While the “salt gremlins” prevented the Ack Attack from breaking the 400-mph barrier, the three other teams that accompanied Akatiff to the Top of the World Land Speed Trial each make their marks in the world record books, bringing an air of gratification to the pioneering effort—the first-ever world land-speed event in South America.
Click here to read this in the Cycle News Digital Edition Magazine.
Story and Photography by Jean Turner
ACK ATTACK
Late Friday night, the lights of a big rig lumbering down the dirt road toward the Palacio de Sal hotel was a welcome sight for Akatiff. His container had finally made it off the ship, through customs, over the Andes and across the Chilean border into Bolivia. Now was when the true race began as the team rushed to get the Ack Attack to the salt and ready to run.
Immediately the team began experiencing problems with the streamliner, problems that didn’t exist when it was loaded into the container.
“The brakes worked fine when we left San Jose, we got here it had no brakes,” said Akatiff. “And nobody touched the brakes—nobody did anything. So we don’t know what happened there.”

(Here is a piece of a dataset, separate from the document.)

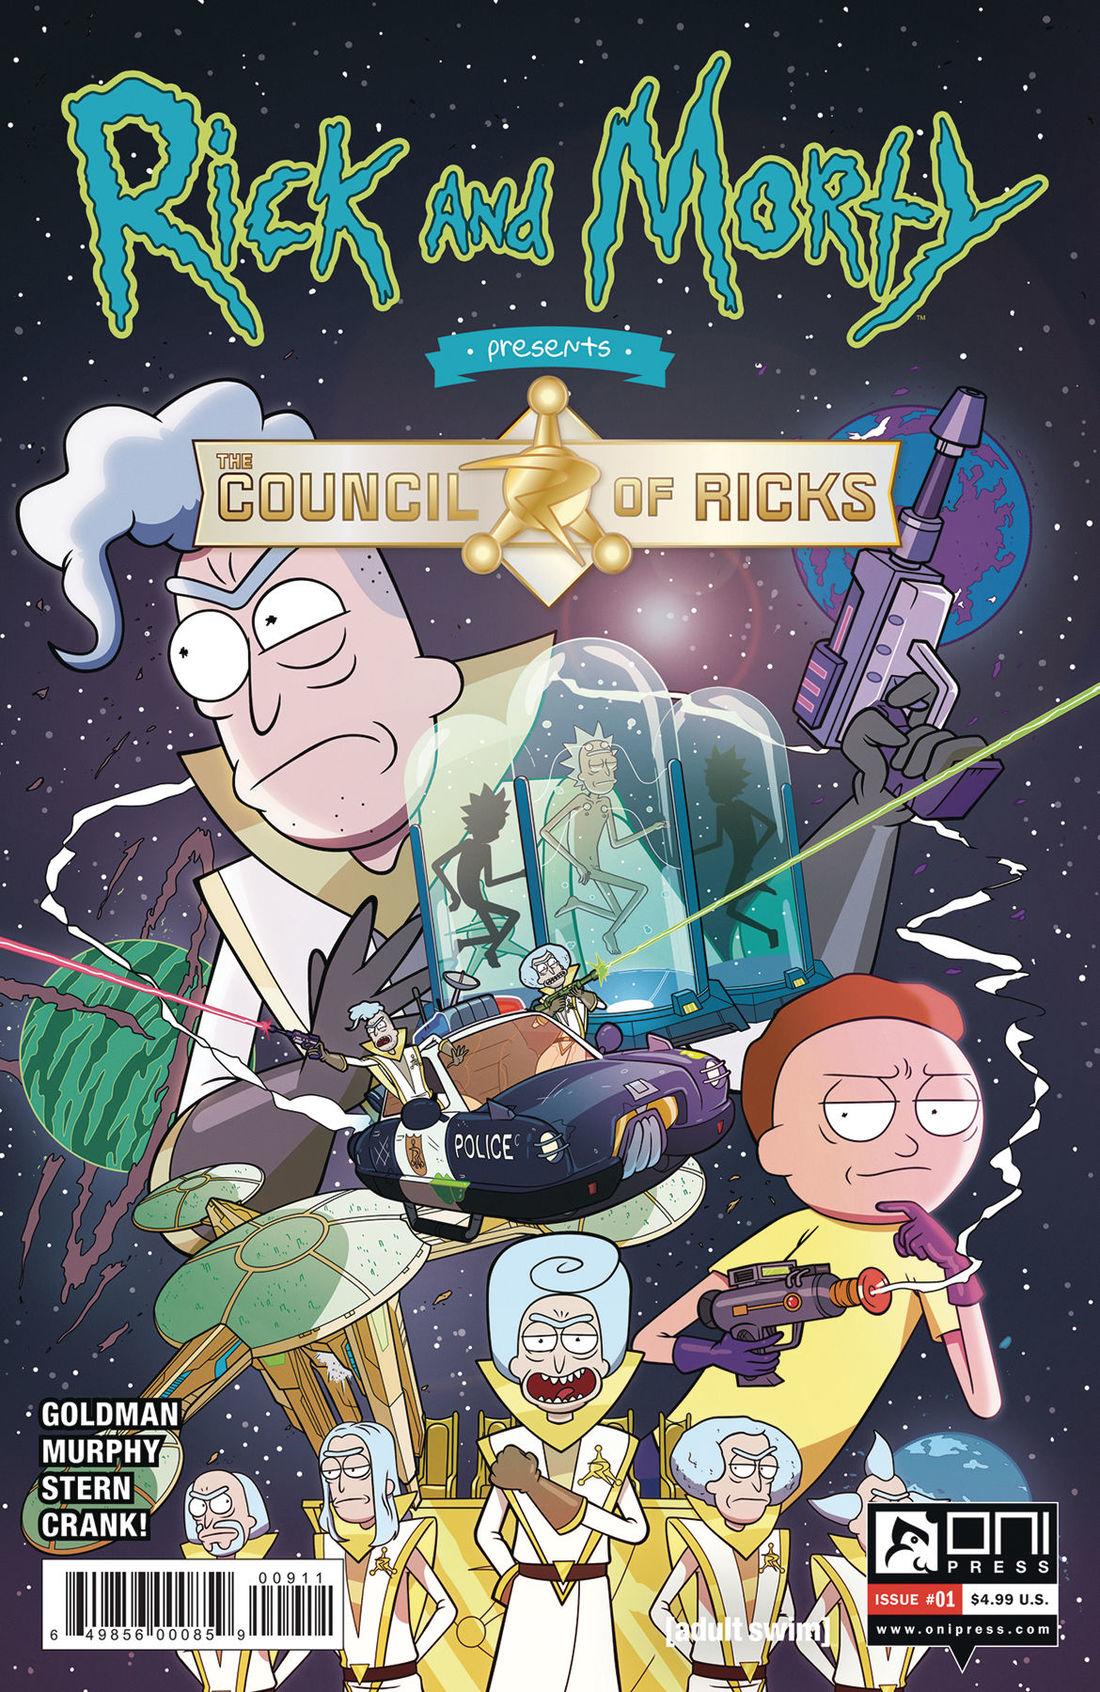 Rick and Morty Star in Pringles Creepy Meta Super Bowl Ad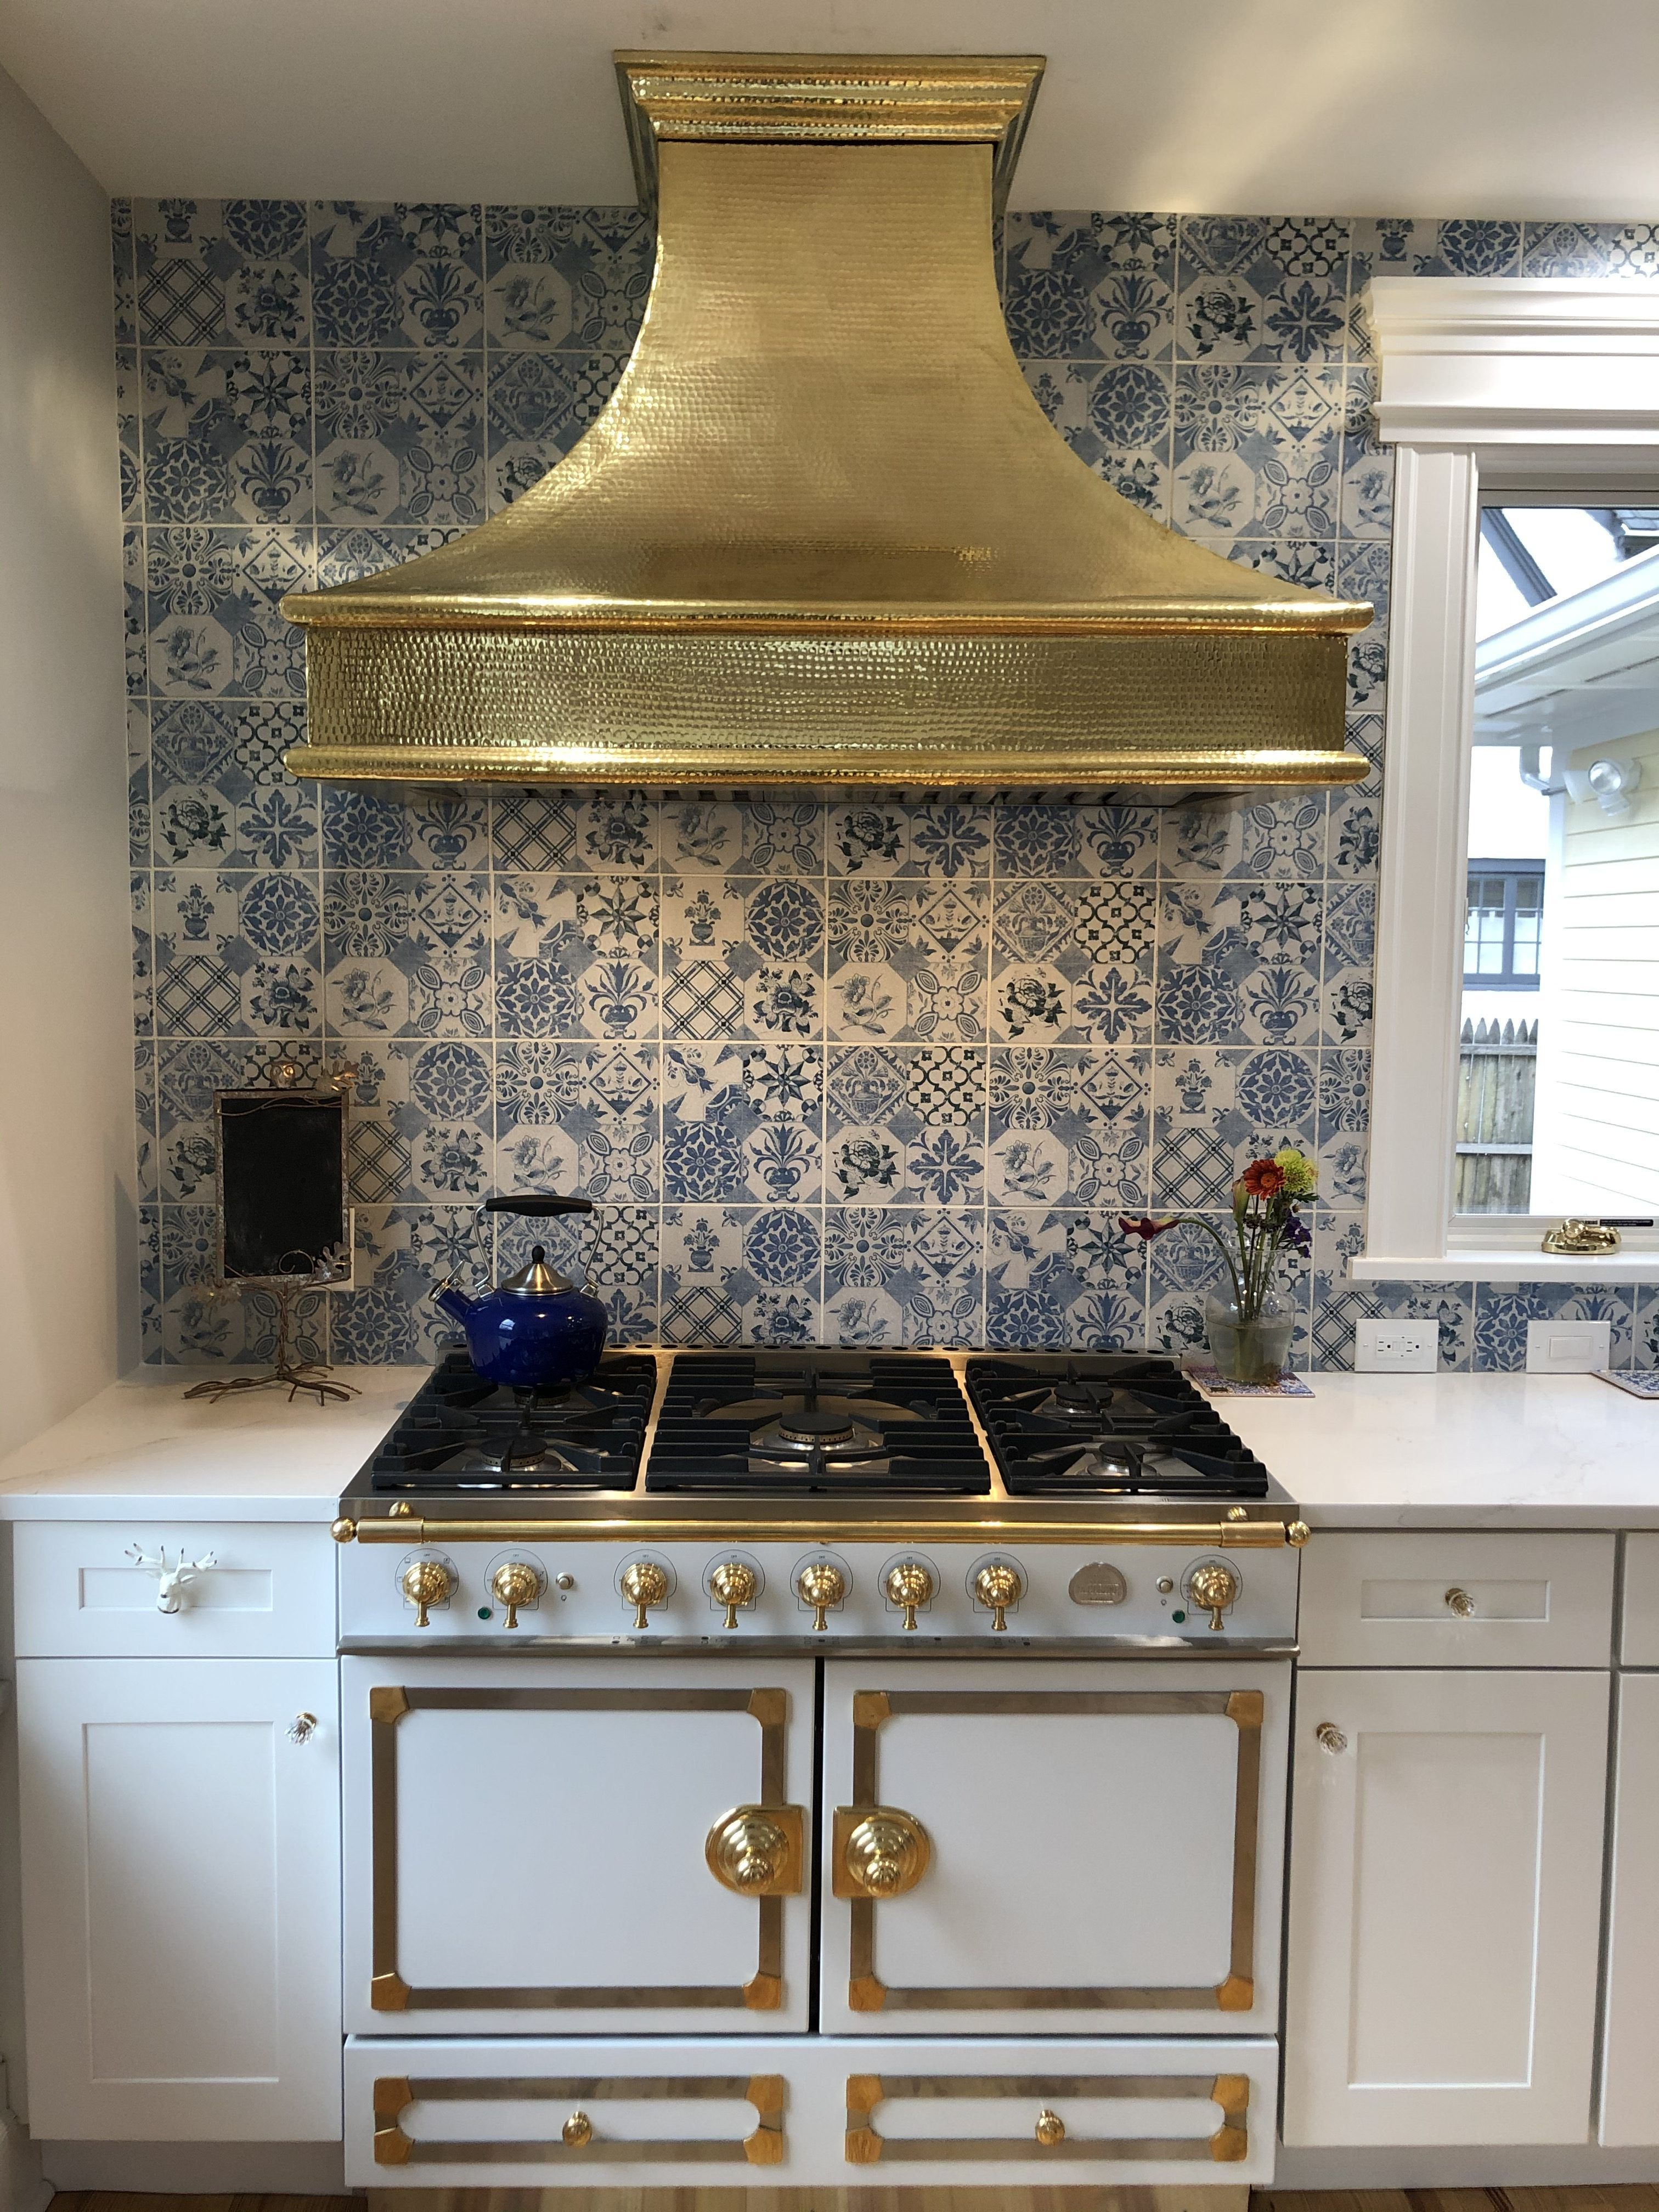 The Ultimate Range Hood Buyers Guide Coppersmith Kitchen Ventilation Tuscan Kitchen Range Hood

Along with troubleshooting and prepping the bike, the team had to work through altitude tuning, as was expected. Another new aspect on the Ack Attack was the addition of the rear doors. Two electronically controlled rear doors that come to a point at the rear of the streamliner showed a significant improvement in aerodynamics in the wind tunnel, but how it would handle at speed remained to be seen.
Sunday morning Rocky Robinson was ready for his shakedown run in the Ack Attack. The team got a couple of runs in throughout the day, and worked through setup issues, but not without an incident that left the liner on its side.
“We made this last pass—the bike ran a lot better. We got up to about 358 top speed,” Robinson explained. “We had a little issue at the end of the run; my landing gear didn’t come down all the way. We had a little problem with the battery. I knew they weren’t all the way out so I rode it all the way to the pits hoping someone maybe would catch me. And they didn’t! They stand clear and I stopped right there and then I just tipped over.”
Fortunately the Ack Attack wasn’t damaged in the tip-over, and a fresh battery solved the landing gear problem. Robinson also found the addition of the rear doors to be quite effective—a little too effective. The Ack Attack was so slippery through the air it lost some stability, but fortunately it was countered by the great traction on the salt.
With Saturday gone to setup and troubleshooting and Sunday now gone to shakedown runs, it all came down to Monday, August 7, the final day of the meet. As course creator Mike Cook explained, he and his team didn’t have the option to stay longer to give the Ack Attack another day, as they had to head straight from Bolivia to Bonneville for SCTA Speed Week the next day.
“Tuesday evening, we got to be outta here,” Cook said. “I have to go to Bonneville Salt Flats, and the Rice brothers [timing officials in Bolivia] do the timing there. I wish the containers would have been here earlier. But it’s out of our control. We’ve come to a foreign country. It’s been challenging, you might say.”
Taking it all down to the last day isn’t new to the Akatiff team. In fact, it’s come to be a signature of the Ack Attack. Their existing world record, 376.4 mph set in 2010, came down to the wire, as Akatiff recalls.
“That day, that whole week, nothing worked for us until the last 45 minutes of the last possible time we could run, and we were able to get that record. I was thinking déjà vu here.”
But more struggles were to come for the team, this time during a run that reached 378 mph as the Ack approached the speed trap. With the twin Hayabusa engines at full tilt and gaining speed, the streamliner instantly lost power. Both motors quit and Robinson coasted through the timed mile at 338 mph. Robinson elected to do as he had done before and coast it all the way into the pits in order to save valuable time in trailering the streamliner back. But a problem arose when he found himself heading too fast into the pits. Without much air pressure to slow him down, even the parachute did surprisingly little.
Rocky blew past the pits and off the groomed track into the rough popcorn-like salt. Worse yet, he was forced to cook the brakes as he finally came to a stop over a mile further than intended.
The ‘liner glided to a halt safely, wheels out this time to prevent it from tipping over. The team rushed to his aid, immediately removing the bodywork to take a look at the engines. They assumed that one or both were busted, signaling an end to their effort.
“Right there,” push-car driver Beto Recalde pointed to a loose hose that popped off the turbo manifold. An easy fix.
“Let’s see if it’ll start up,” Akatiff said. With a flick of a switch, the twin Hayabusa engines roared the life. Brief cheers erupted from the team as they simultaneously sprang into action. They had work to do if they were going to beat the daylight.
“I thought the motors had probably blown,” Akatiff said. “The turbo hose blew off. We went from 30 pounds boost to zero boost at 12,000 feet, so we had no power. We’re still in the game. That’s the important part. And it’s still early.”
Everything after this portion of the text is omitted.